In 2011 in Beijing, when the U.S. was still dealing with the aftermath of the financial crisis, Chinese Premier Wen Jiabao told Mr. Biden, “I’m sorry your economy is in such terrible shape,” according to Danny Russel, then the top White House adviser on Asia, who witnessed the exchange. Mr. Wen questioned whether Beijing’s multibillion-dollar investment in U.S. Treasury bills was safe.
The vice president replied that if China wanted to sell, “please go ahead,” Mr. Russel recalled. More than 90% of Treasurys were owned by Americans, Mr. Biden continued, and “No one ever won betting against the American people,” according to Mr. Russel.

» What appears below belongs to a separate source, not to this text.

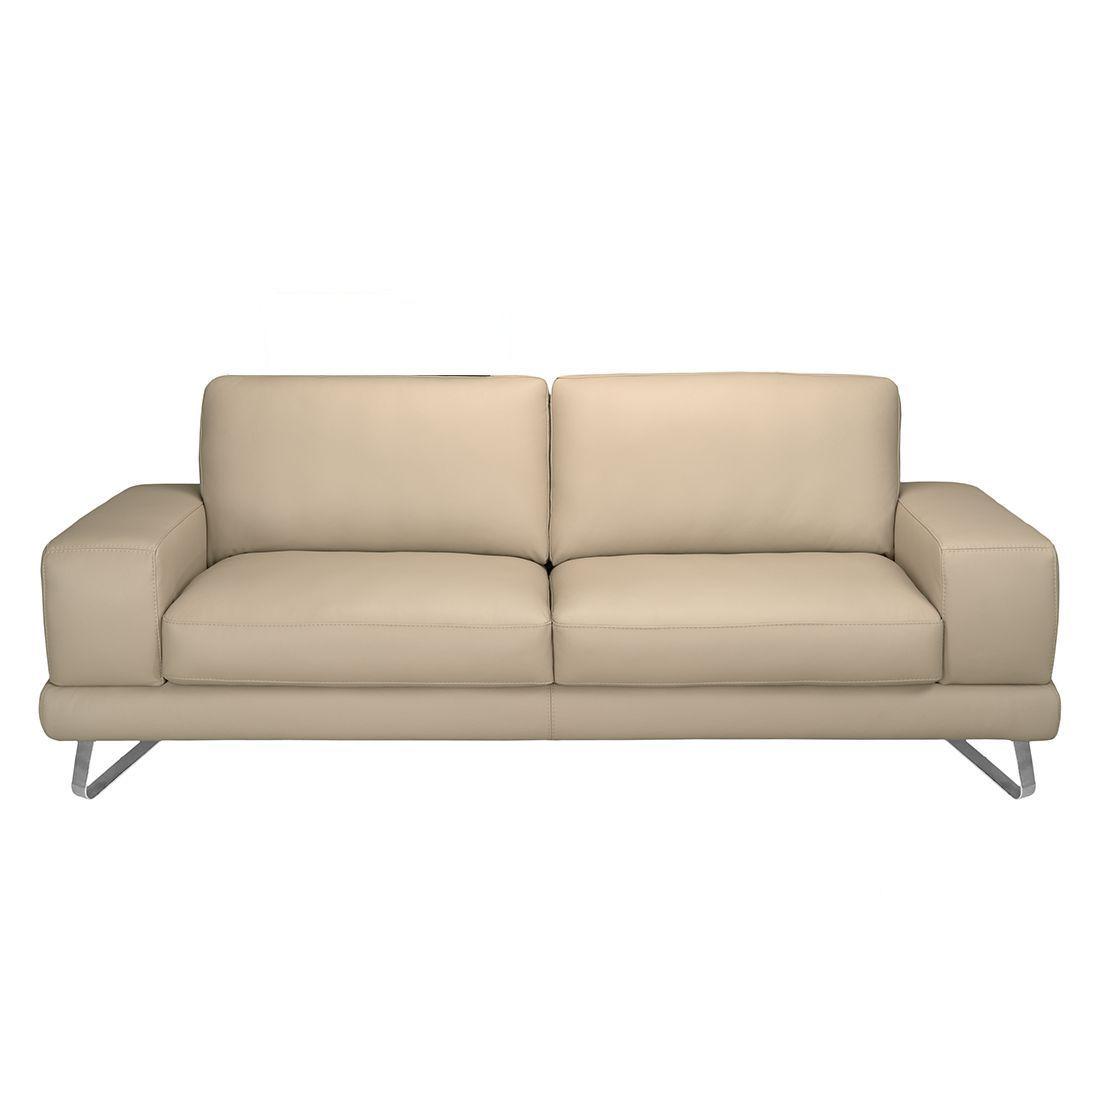 Sofa Bradley 3 Sitzer Echtleder Beige Sofa Mit Relaxfunktion Couch Mit Schlaffunktion Sofas

China’s embassy in Washington didn’t respond to a request for comment.
Obama administration veterans credit Mr. Biden’s engagement with Mr. Xi with some successes: China backed off aggressive military maneuvers near American ships and planes for a time and agreed to sign onto the Paris climate accord, from which Mr. Trump has since moved to withdraw the U.S.
That Mr. Xi took China on a more aggressive path, they said, didn’t invalidate trying to engage Beijing.
“It was worth testing the proposition” that Mr. Xi was going to be a different kind of Chinese leader, a former aide said. “I think it was the right strategy play. And it ended up not working out.”